Boost-invariant early time dynamics from AdS/CFT

TL;DR

This work uses the AdS/CFT correspondence to study the early-time dynamics of a boost-invariant, strongly coupled conformal plasma, demonstrating that unlike late times there is no universal scaling and that boundary evolution is determined by initial bulk data encoded in the Fefferman-Graham metric. It shows that a bulk metric singularity is inevitable at all times, constraining allowed initial conditions, and establishes a mapping between the early-time energy-density expansion and the initial bulk geometry. To access large proper times, the authors employ a Padé resummation of the early-time series, illustrating a transition toward local equilibrium and the hydrodynamic regime, and they discuss implications for holographic thermalization. The results emphasize how initial bulk data and horizon-like structures influence thermalization in strongly coupled gauge theories and provide a framework to connect early-time dynamics to late-time hydrodynamics via controlled resummation techniques.

Abstract

Boost-invariant dynamics of a strongly-coupled conformal plasma is studied in the regime of early proper-time using the AdS/CFT correspondence.
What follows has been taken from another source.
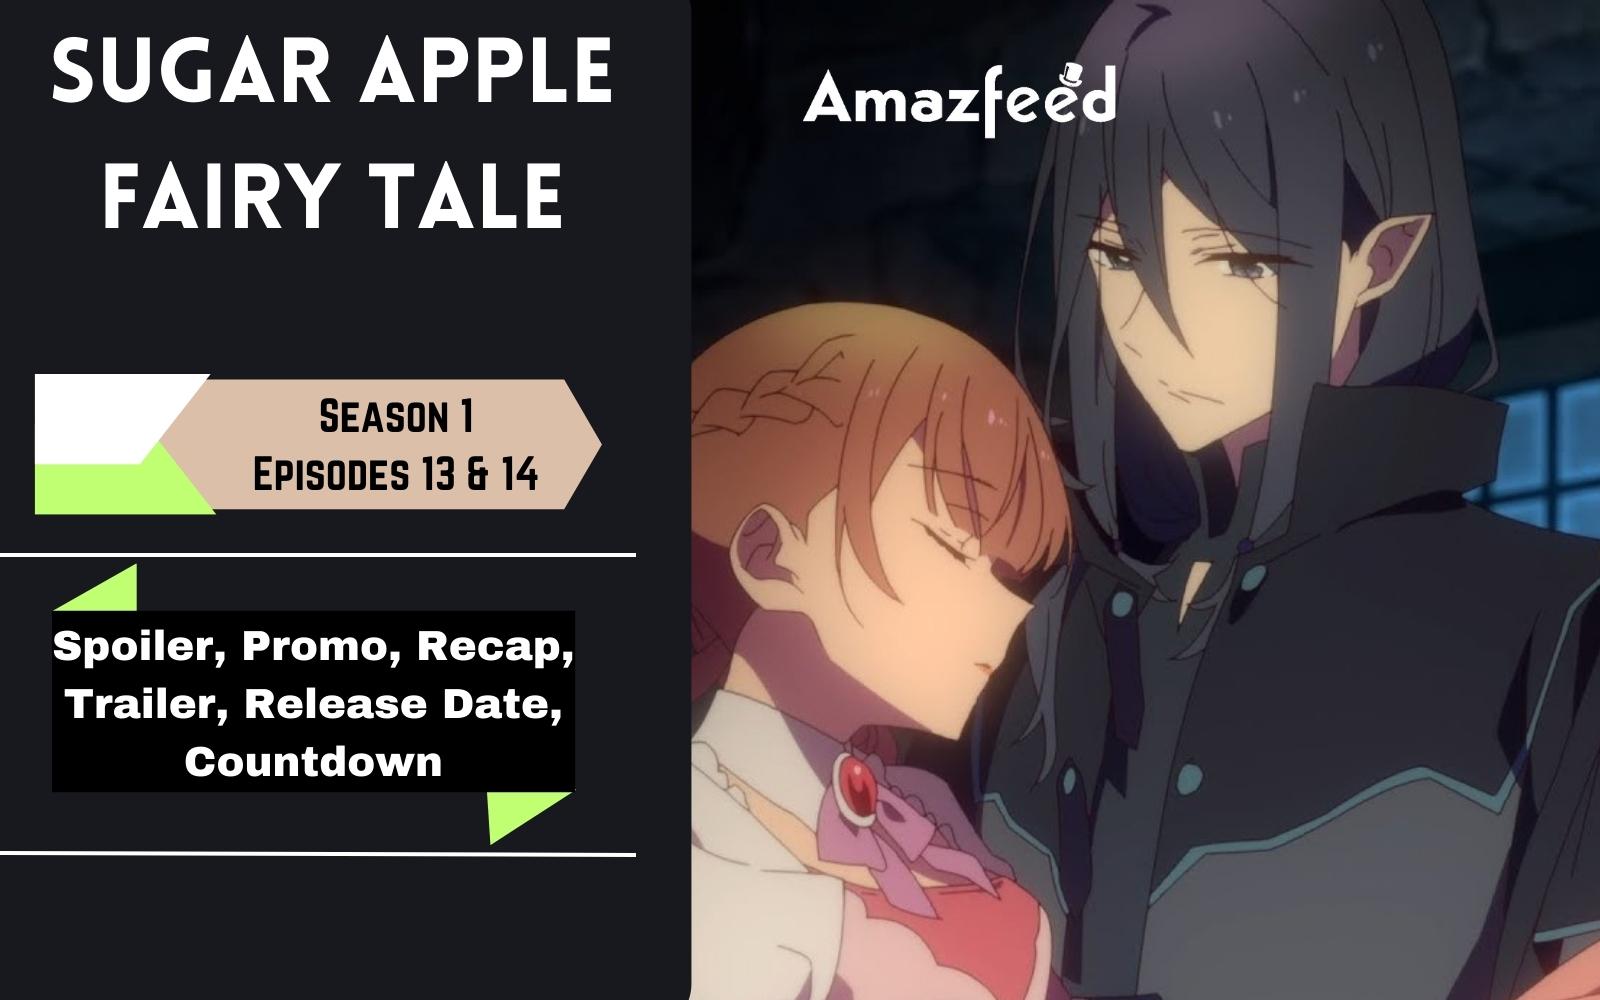 Episodes 13-14 - Sugar Apple Fairy Tale Season 2 - Anime News

It is shown, in contrast with the late-time expansion, that a scaling solution does not exist. The boundary dynamics in this regime depends on initial conditions encoded in the bulk behavior of a Fefferman-Graham metric coefficient at initial proper-time. The relation between the early-time expansion of the energy density and initial conditions in the bulk of AdS is provided. As a general result it is proven that a singularity of some metric coefficient in Fefferman-Graham frame exists at all times. Requiring that this singularity at tau = 0 is a mere coordinate singularity without the curvature blow-up gives constraints on the possible boundary dynamics. Using a simple Pade resummation for solutions satisfying the regularity constraint, the features of a transition to local equilibrium, and thus to the hydrodynamical late-time regime, have been observed. The impact of this study on the problem of thermalization is discussed.

Figures (5)

• Figure 1: Description of QGP formation in heavy ion collisions. The kinematic landscape is defined by ${\tau = \sqrt{(x^0)^2-(x^3)^2}\ ;\ {y=\frac{1}{2} \log \frac{x^0+x^3}{x^0-x^3}}\ ;\ {x_\bot\!=\!\{x^1,x^2\}}}\ ,$ where the coordinates along the light-cone are $x^0 \pm x^1,$ the transverse ones are $\{x^1,x^2\}$ and $\tau$ is the proper time, $y$ the "space-time rapidity".
• Figure 2: Approximate value of $s$ obtained from the logarithmic derivative and Pade approximation for A) $N_{cut} = 32$ (dotted line), B) $N_{cut} = 40$ (dashed line) and C) $N_{cut} = 48$ (solid line) for initial profile $v_{+}^{\left( 1\right)} \left( z^2 \right)$. Two horizontal lines denote $s = 1$ (free streaming scenario) and $s = 4/3$ (perfect fluid case).
• Figure 3: A) Energy density $\epsilon_{1}\left( \tau \right)$ as a function of proper-time $\tau$ obtained from Pade approximation for cut-off $N_{cut} = 46$ and initial profile $v_{+}^{\left( 1 \right)} \left( z^2 \right)$ in the bulk; B) Energy density $\epsilon_{2}\left( \tau \right)$ for the second profile. C) Energy density $\epsilon_{3}\left( \tau \right)$ as a function of proper-time $\tau$ obtained from Pade approximation for cut-off $N_{cut} = 34$ and initial profile $v_{+}^{\left( 3 \right)} \left( z^2 \right)$ in the bulk.
• Figure 4: Relative difference between the energy densities for the first profile for cut-offs $N_{cut} = 16$ and $N_{cut} = 46$ does not exceed 10%.
• Figure 5: Relative difference in pressures for the first (left) and second (right) profiles -- for $\tau \approx 1$ there is a rapid fall-off but (perhaps, see text) does not reach yet a complete izotropization for the first profile.